# Roadside Assistance



## kc5fm (Oct 12, 2008)

Being stranded on the side of the road never comes at a good time.

Therefore, now is a good time, while one is not stranded, to check to see how to get help when the vehicle is out of gas, the battery is dead, or the keys are locked inside.

Help can come in three ways.

1. Check the auto insurance policy. Many companies offer this assistance as part of the overall coverage. Some charge extra. Some do not. Check your local insurance agent for details.

2. With more people having cell phones, many carriers offer roadside assistance. Most charge an extra fee for this service. Check your cell phone provider for details.

3. Motor clubs such as the American Automobile Association or the GM Motor Club offer coverage for a price. While the price may be more expensive than the auto insurance or cell phone coverage, there are other benefits in the form of discounts that often come with the motor club membership.

Of course, the ham radio community has yet another option. Giving a call on the local repeater is often answered with someone coming to your aid.

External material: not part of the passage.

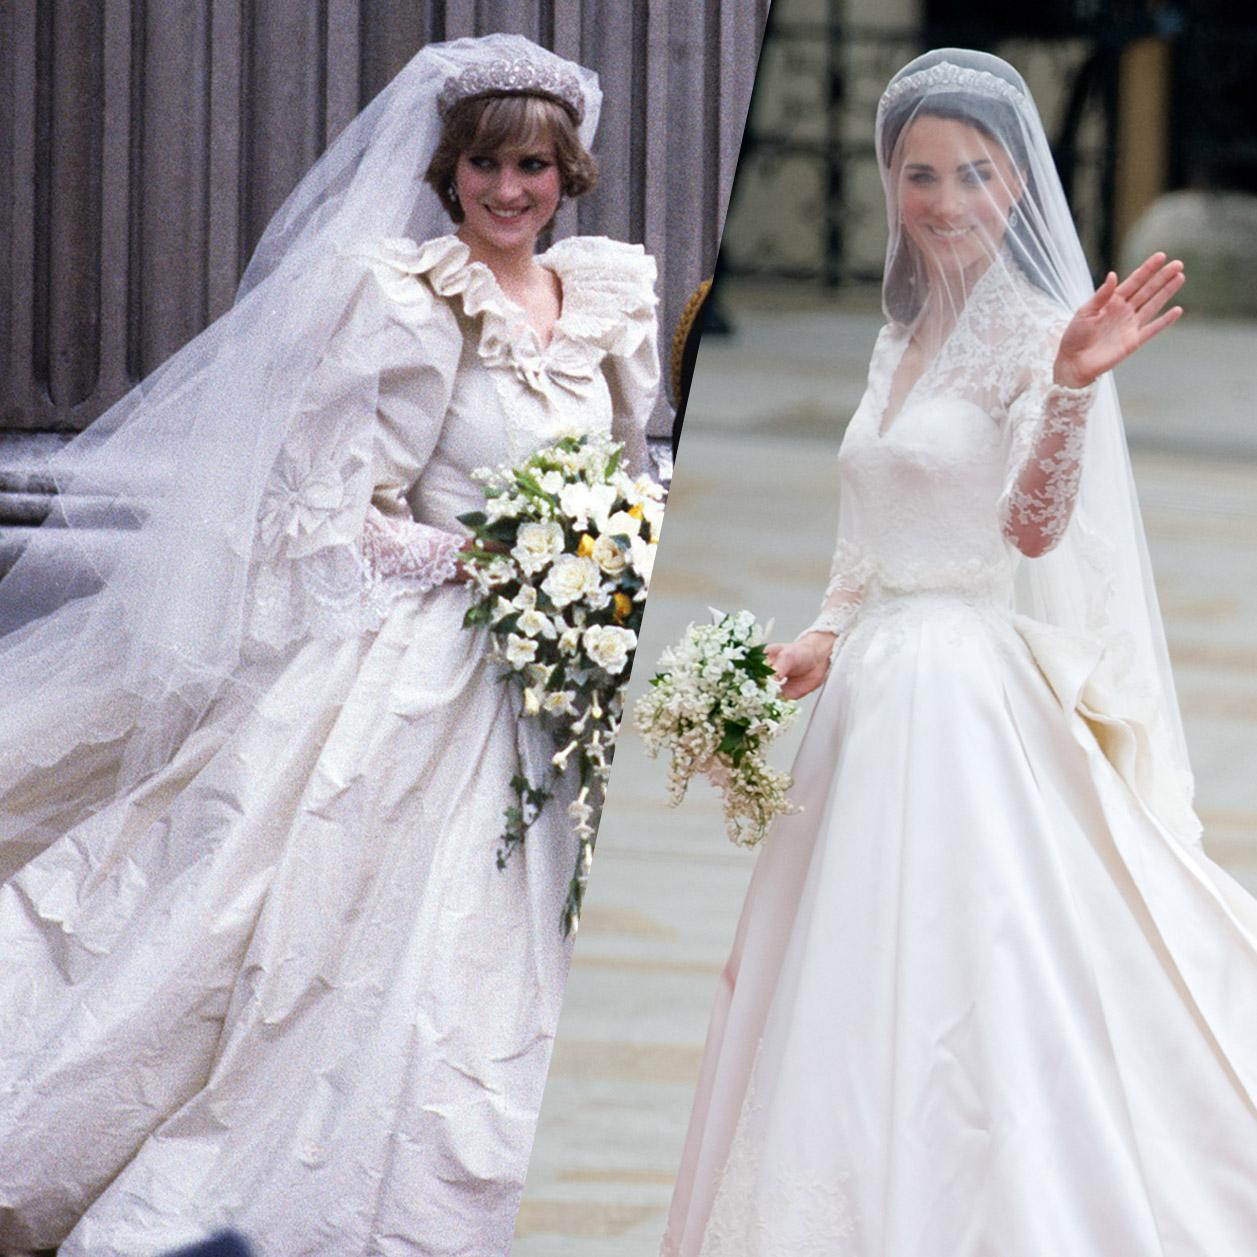 Les robes de mariée de la famille royale

Nevertheless, make plans while there is no danger because, when danger comes, it's too late to plan.


----------



## Canadian (Dec 14, 2008)

I only ever used roadside assistance one. To change a flat tire when my car was parked in a giant puddle of water. I thought I'd let the other guy get all slush. Other than that I've never used it.


----------



## sailaway (Mar 12, 2009)

I drive over 100,000 miles a year with my job, and carry AAA, also buy my tires at Sears and get full warrenty policy on them. There are Sears everywhere. I also carry a BOB in the car that varies with the seasons. I usually get a new (used car off 2 year lease every 2 years) car when mine gets close to 200,000 miles. I use a Garmen GPS and also cary back up maps. I make sure my cell phone is continuously charged. I also keep track of where I am as I go down the road so if something does come up I am able to inform someone. I also carry good coverage on that car. I usually get new tires right before the snow begins to fly. (usually 70,000 mile Michelins)


----------



## NaeKid (Oct 17, 2008)

I have only needed to call my AMA to help me get back into my vehicle when I was out skinny-dipping with a bunch of friends and ended up locking my keys inside my Jeep. Had to use my friend's cell to get someone over to open up my Jeep and let me in.

My friends haven't let me down on that one ..


----------



## Canadian (Dec 14, 2008)

Where did he keep his cell phone?


----------



## NaeKid (Oct 17, 2008)

Canadian said:


> Where did he keep his cell phone?


In his unlocked vehicle ...


----------



## sailaway (Mar 12, 2009)

Why does your Jeep have a top on?, none of mine do!


----------



## The_Blob (Dec 24, 2008)

sailaway said:


> Why does your Jeep have a top on?, none of mine do!


not even in winter?... 

in Sandusky?


----------



## sailaway (Mar 12, 2009)

The_Blob said:


> not even in winter?...
> 
> in Sandusky?


We drive the Liberty or Patriot then. The Commando and Wrangler hard tops have been off for years now. (I'm too lazy to put them on.) The CJ5 and 3A never had tops.


----------